Я набрал город, соединился с Анной и сообщил ей новости. Она сказала, что это ужасно. «Это ужасно», – три или четыре раза повторил ее слабый, убитый голос, Она поблагодарила меня и повесила трубку.
Я вышел из кабинета. Оставалось еще одно дело. Я спустился в вестибюль. Сэди была еще там. Я сообщил ей. Она сказала, что дело плохо. Я согласился:
– Худо придется Хозяину, – сказала она.
– Люси придется хуже, – сказал я, – маленького-то ей нянчить. Не забывайте об этом, когда будете выражать свое даровое сочувствие.
То ли она слишком устала, то ли еще что, но она даже не разозлилась. Я предложил подвезти ее в город. Она приехала на своей машине, сказала она.
– Ну, сейчас лягу в постель и усну навсегда, – сказал я и оставил ее одну в вестибюле.
Когда я вышел к машине, в небе отстаивался синий рассвет.
Несчастье с Томом случилась рано вечером в субботу. Операцию сделали в воскресенье перед рассветом. В понедельник наступила развязка. Понедельник был канун дня благодарения.
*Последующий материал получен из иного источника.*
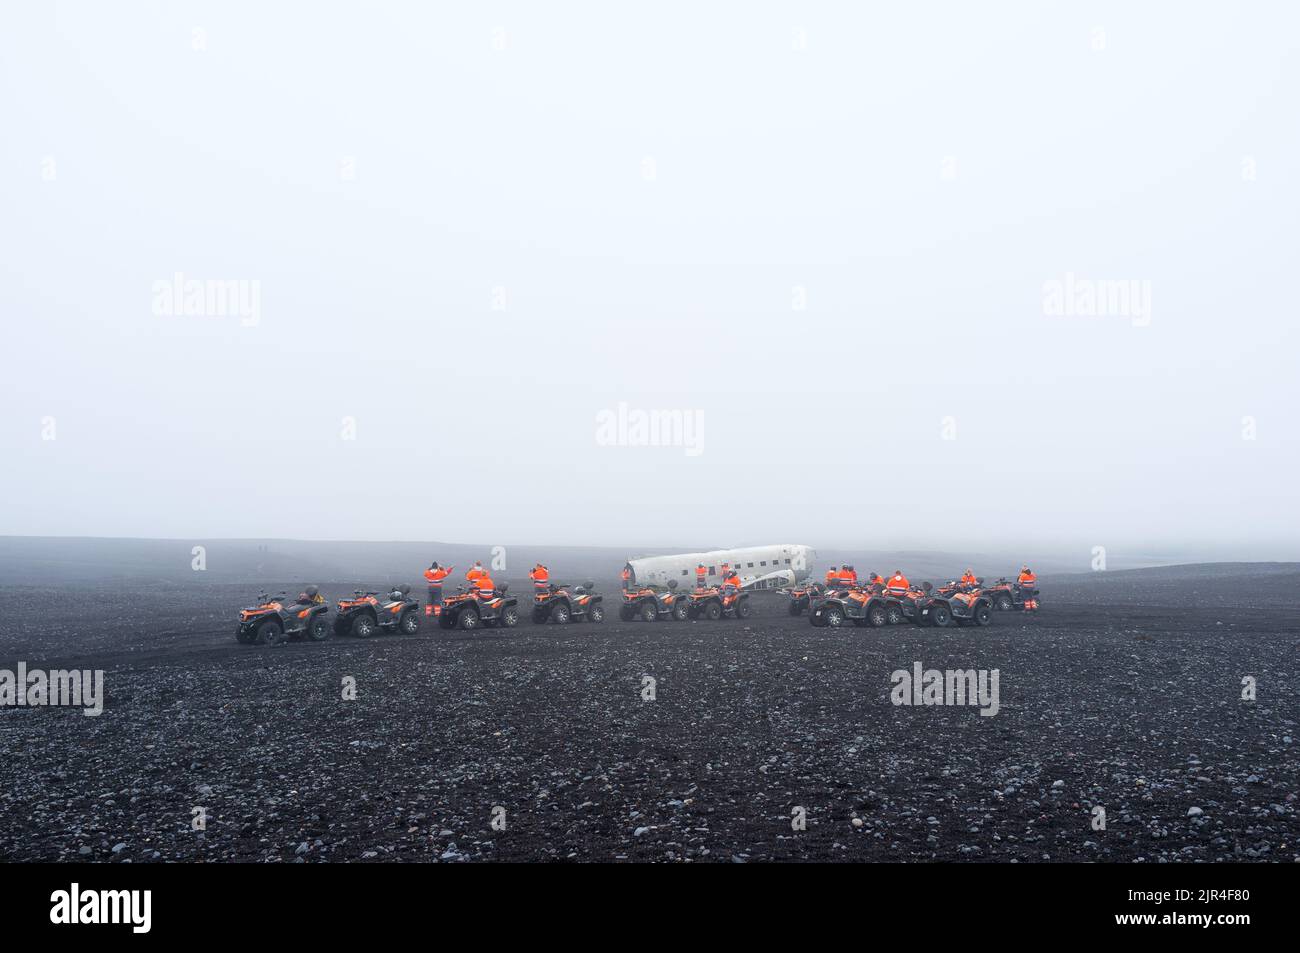 Tourists in orange overalls on quad bikes near the Abandoned wreck of a DC Plane on Solheimasandur in Iceland on a misty day Stock Photo

В этот день постепенное нагромождение событий разрешилось стремительным финалом, подобно тому, как груз в трюме елозит, расшатывает крепления и, вдруг сорвавшись, проламывает борт. Сначала я улавливал в событиях того дня какую-то логику, правда, лишь мельком, но по мере того, как они накапливались перед развязкой, я все меньше и меньше понимал смысл происходящего.
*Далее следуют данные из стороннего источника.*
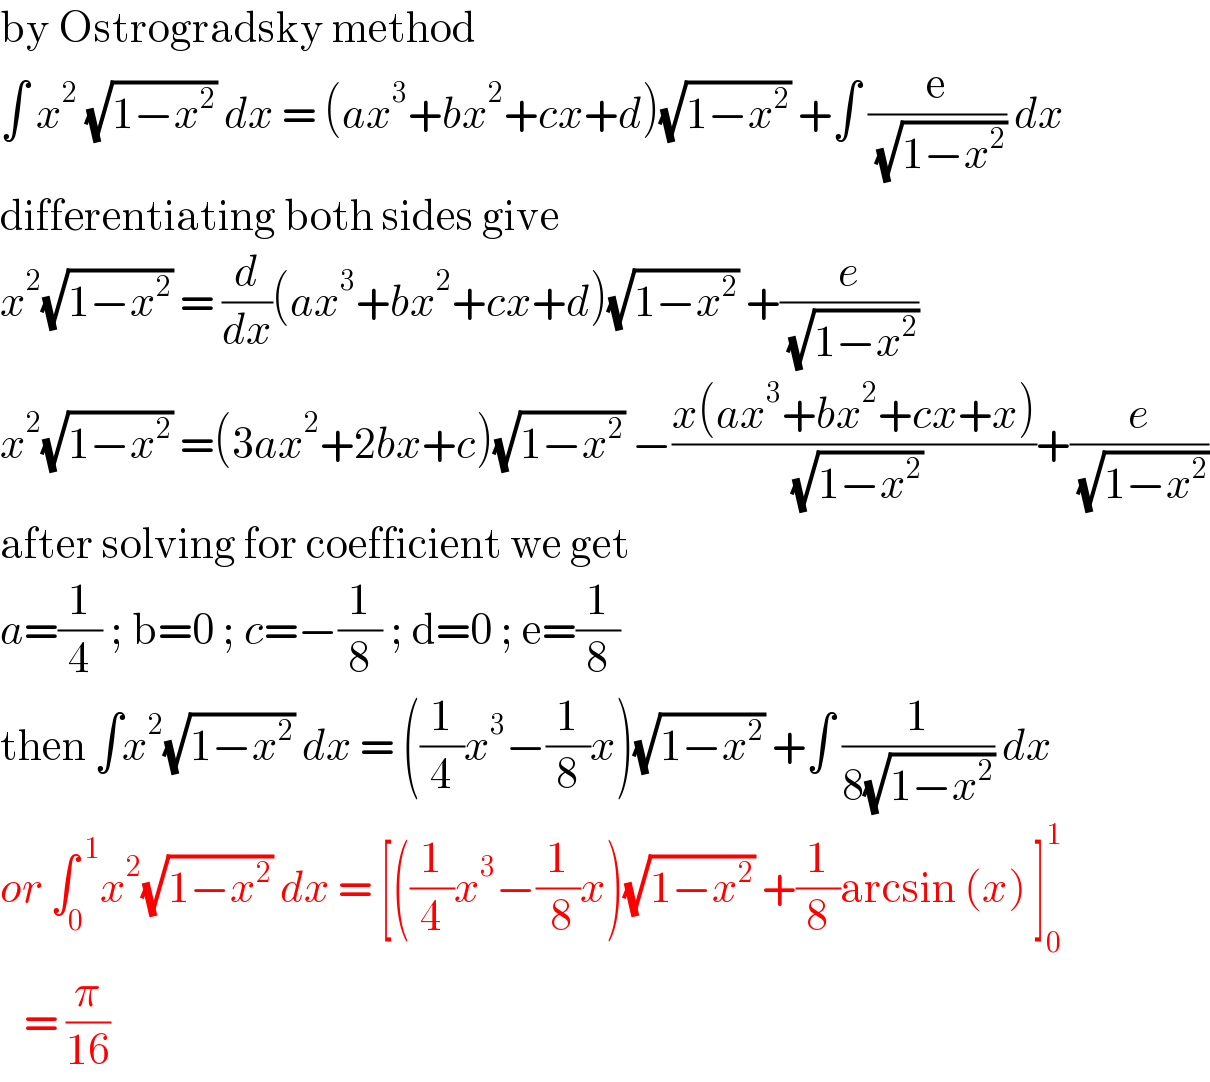 by Ostrogradsky method  ∫ x^2  (√(1−x^2 )) dx = (ax^3 +bx^2 +cx+d)(√(1−x^2 )) +∫ (e/( (√(1−x^2 )))) dx  differentiating both sides give   x^2 (√(1−x^2 )) = (d/dx)(ax^3 +bx^2 +cx+d)(√(1−x^2 )) +(e/( (√(1−x^2 ))))  x^2 (√(1−x^2 )) =(3ax^2 +2bx+c)(√(1−x^2 )) −((x(ax^3 +bx^2 +cx+x))/( (√(1−x^2 ))))+(e/( (√(1−x^2 ))))  after solving for coefficient we get   a=(1/4) ; b=0 ; c=−(1/8) ; d=0 ; e=(1/8)  then ∫x^2 (√(1−x^2 )) dx = ((1/4)x^3 −(1/8)x)(√(1−x^2 )) +∫ (1/(8(√(1−x^2 )))) dx  or ∫_0 ^( 1) x^2 (√(1−x^2 )) dx = [((1/4)x^3 −(1/( 8))x)(√(1−x^2 )) +(1/8)arcsin (x) ]_0 ^1      = (π/(16))

Утеря логики, чувство, что событиями и людьми движут импульсы, мне не понятные, придавали всему происходящему призрачность сна. И только после развязки, после того, как все было кончено, возвратилось ко мне ощущение реальности – а по сути дела, много позже, когда мне удалось собрать части головоломки, составить из них связную картину. И это естественно, ибо, как мы знаем, реальность не есть функция события самого по себе, но отношение этого события к прошлым событиям и будущим. Мы приходим к парадоксу: реальность события, которое само по себе нереально, определяется другими событиями, которые тоже сами по себе нереальны. Но он только подтверждает то, что должно подтверждаться: что направление – все. И живем мы только тогда, когда понимаем этот принцип, ибо от него зависит наше личное тождество.
В понедельник я пришел на работу рано. Все воскресенье я проспал, встал, только чтобы успеть к обеду, посмотрел в кино глупую картину и в половине одиннадцатого снова был в постели. Я пришел на работу с чувством душевной свежести, какая бывает только после долгого сна. Я зашел в кабинет Хозяина. Его еще не было. Пока я стоял там, появилась одна из машинисток с подносом, заваленным телеграммами.
– Все с соболезнованиями, насчет сына, – сказала она. – Несут и несут.